• **WORK TO BE COMPLETED**
Transcribe the listing below exactly, leaving out each image.

• **AVAILABLE DATA**
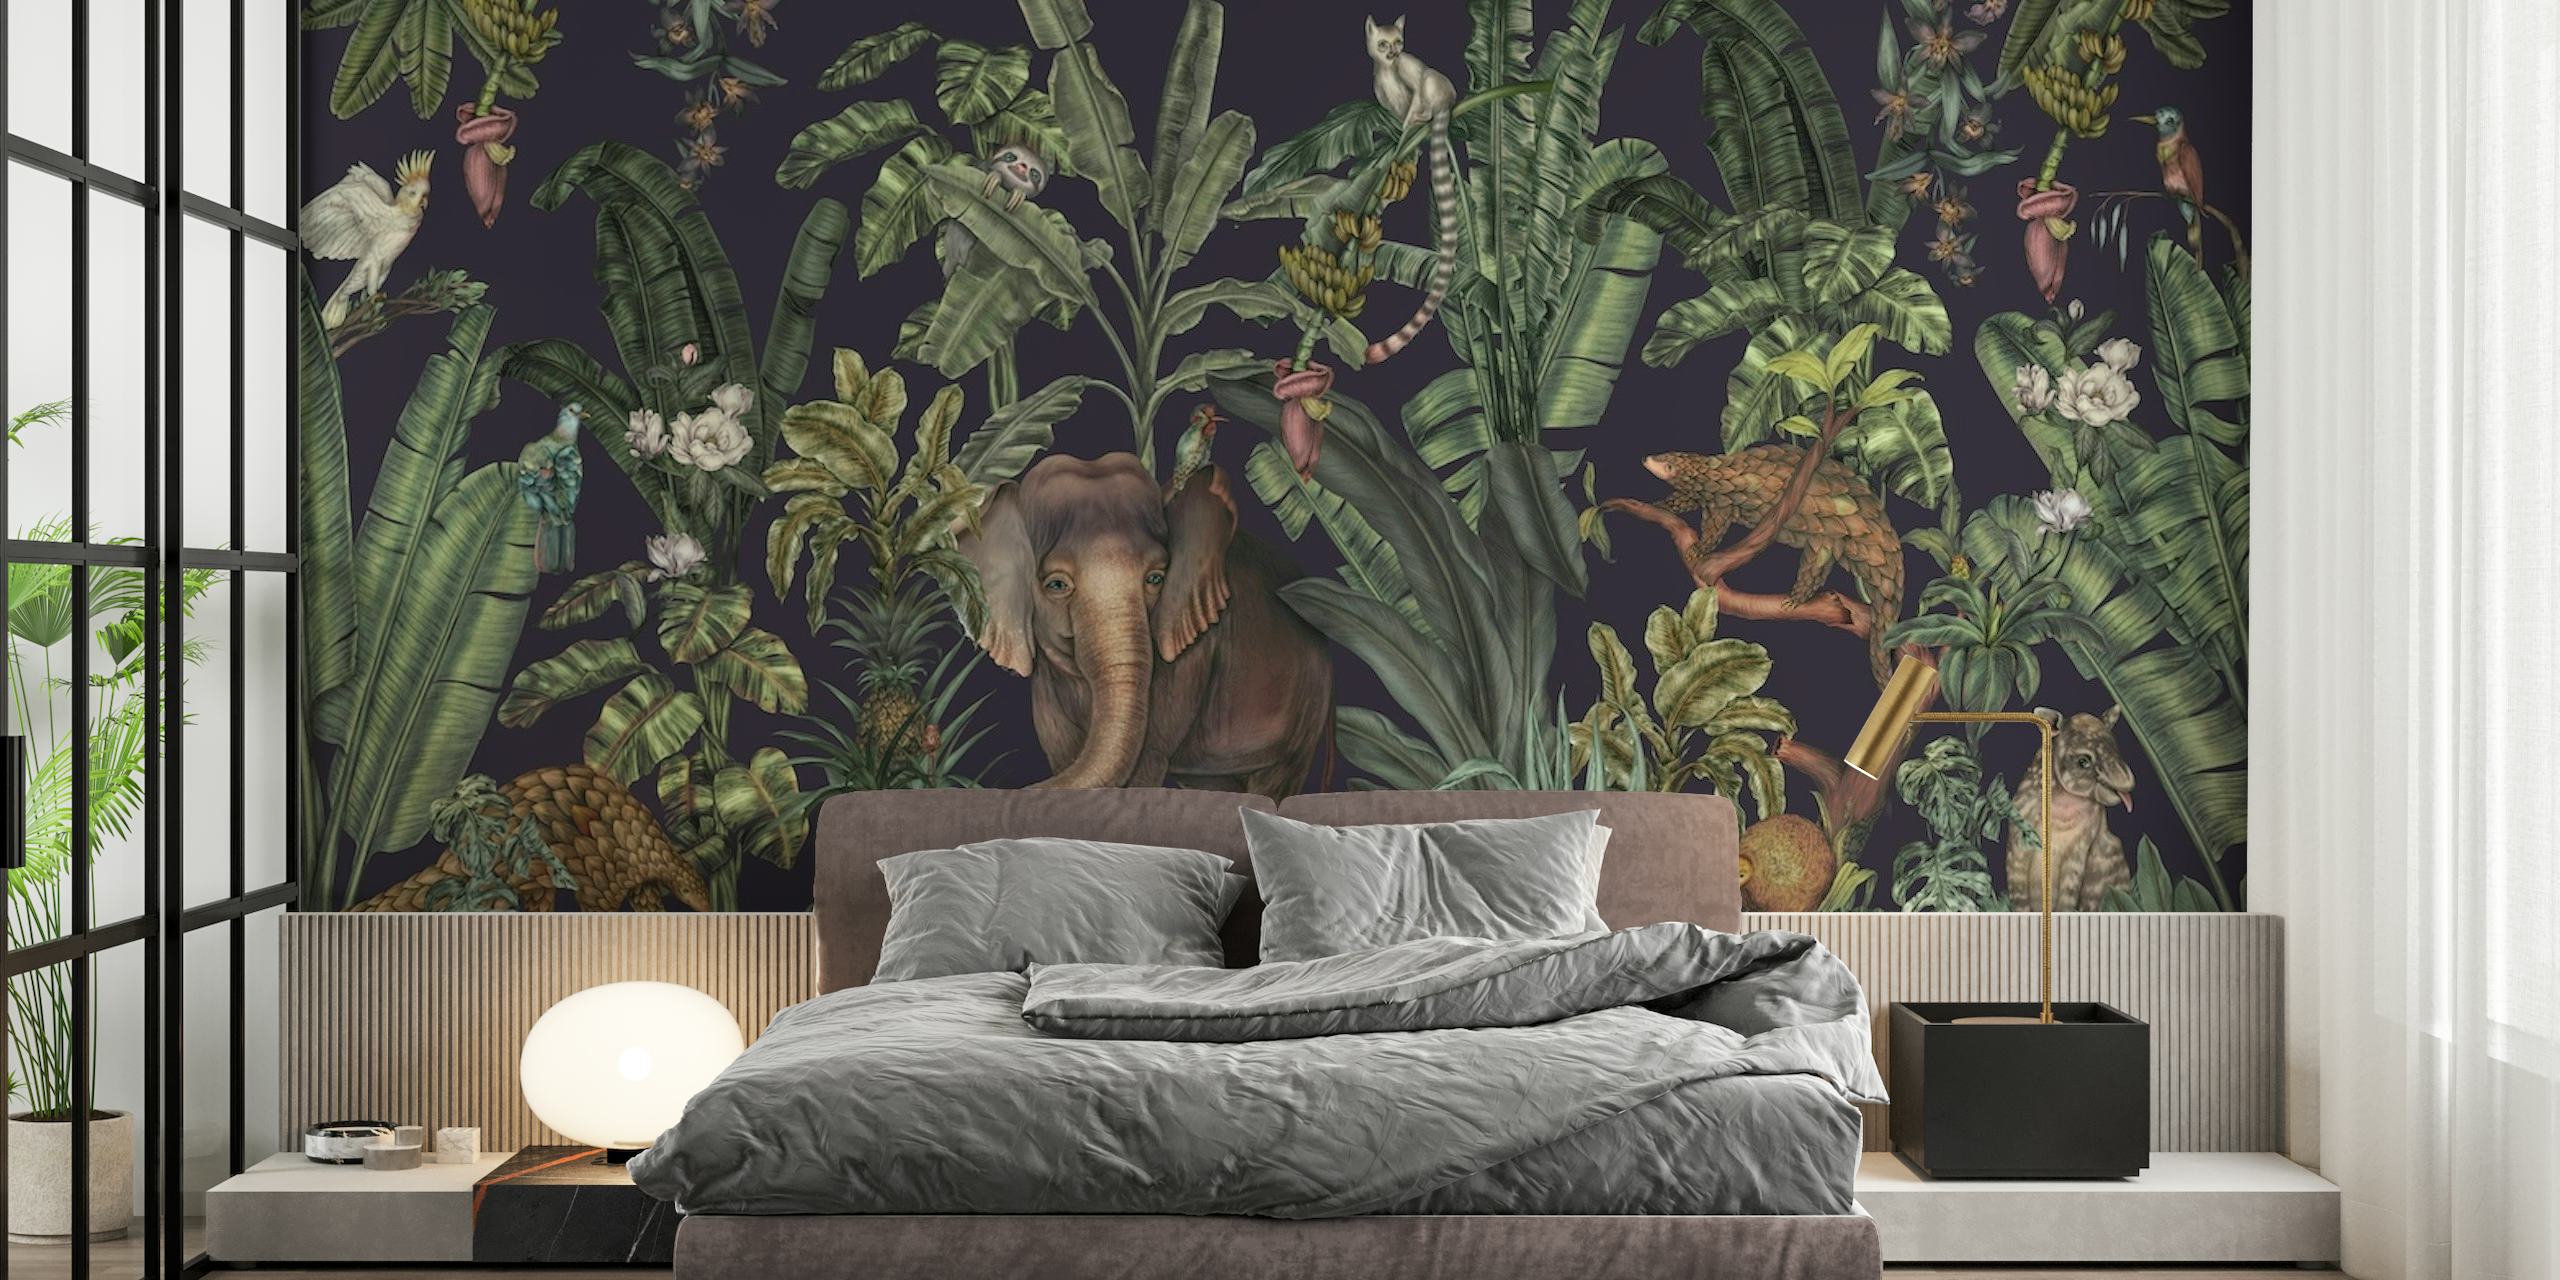 Zidna slika tropske džungle s gustim zelenilom i skrivenim divljim životinjama
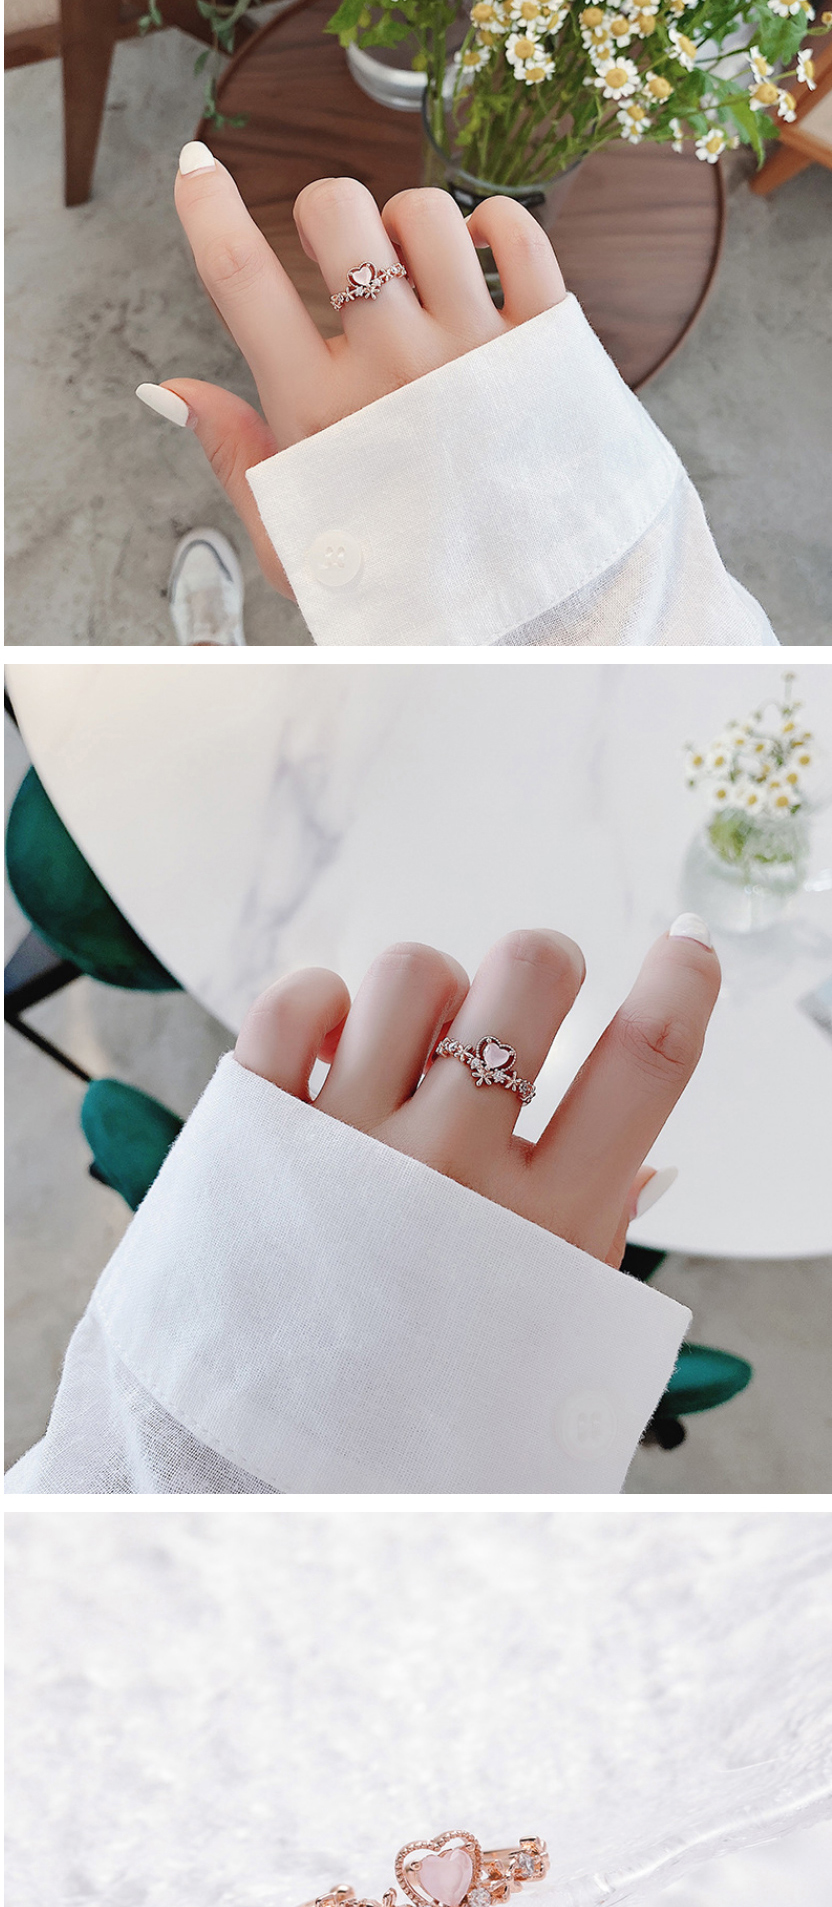 Fashion Love Section Two Sparkling Diamond Zircon Flower Ring,Fashion Rings
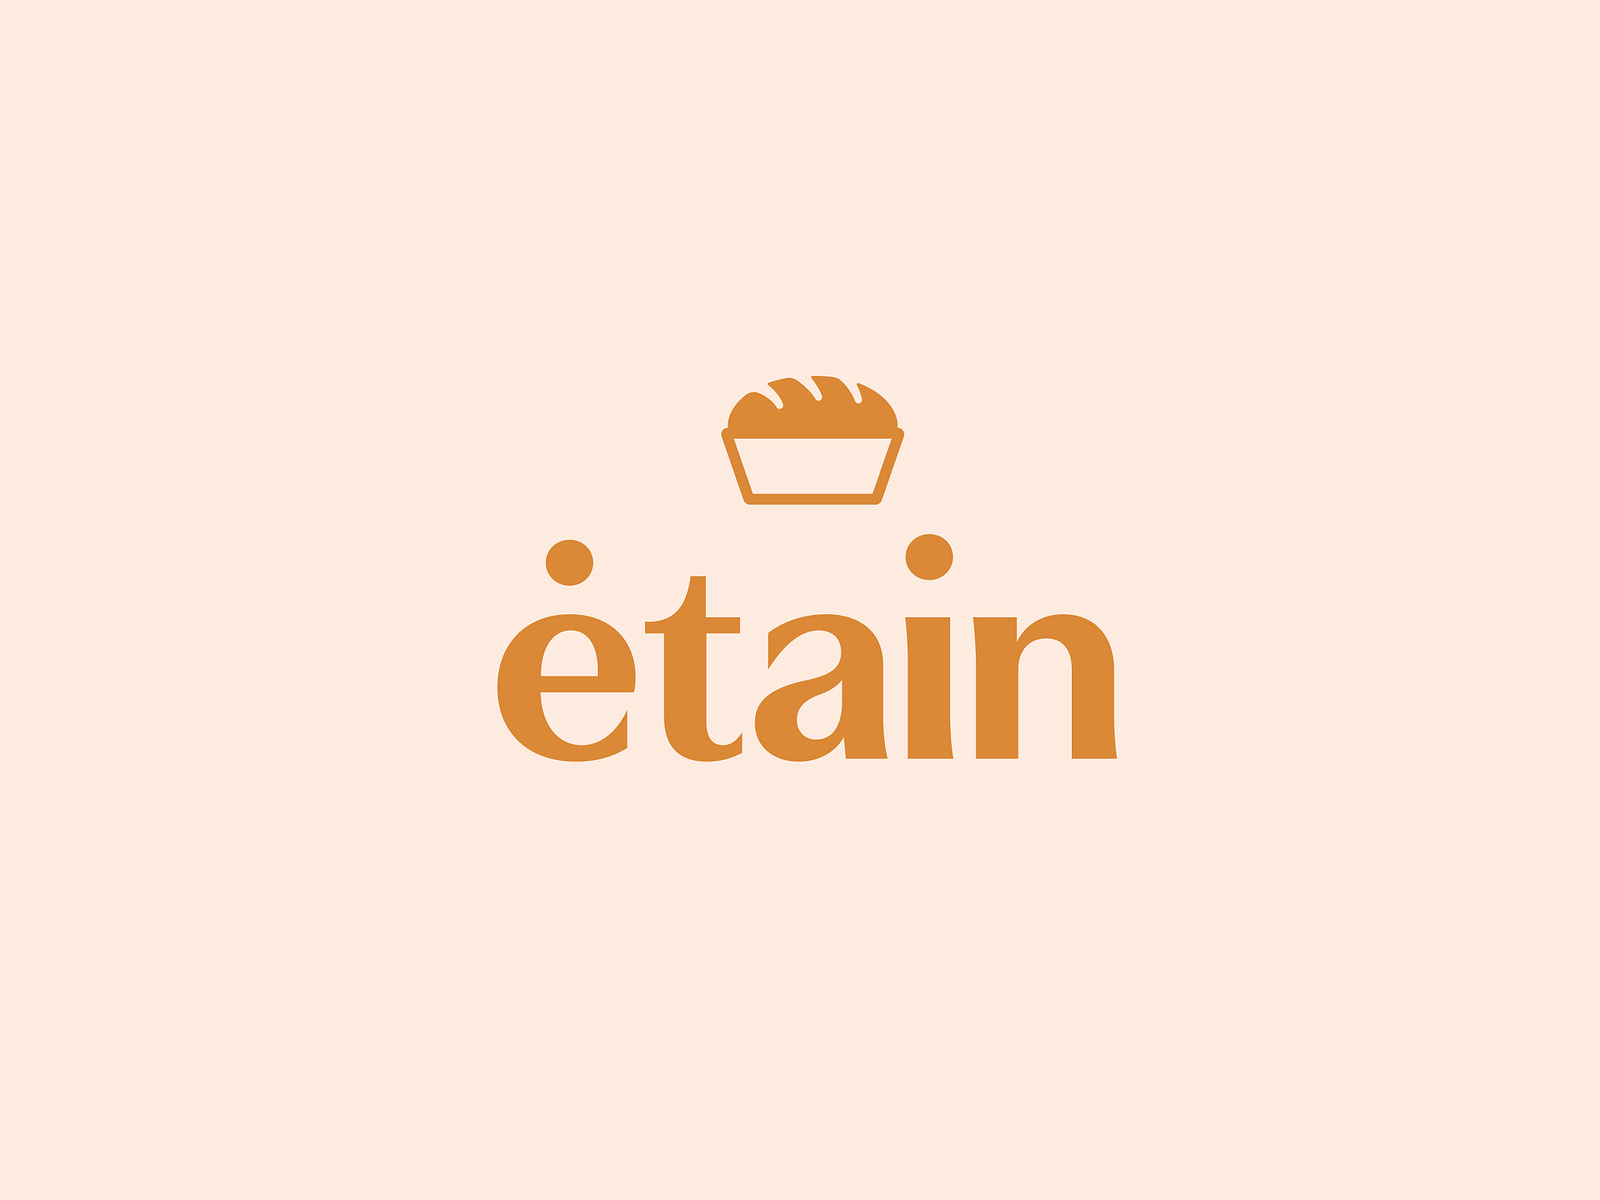 Etain/ logo by Chris Moffett on Dribbble

• **YOUR RESPONSE**
 Zidna slika tropske džungle s gustim zelenilom i skrivenim divljim životinjama
 Fashion Love Section Two Sparkling Diamond Zircon Flower Ring,Fashion Rings
 Etain/ logo by Chris Moffett on Dribbble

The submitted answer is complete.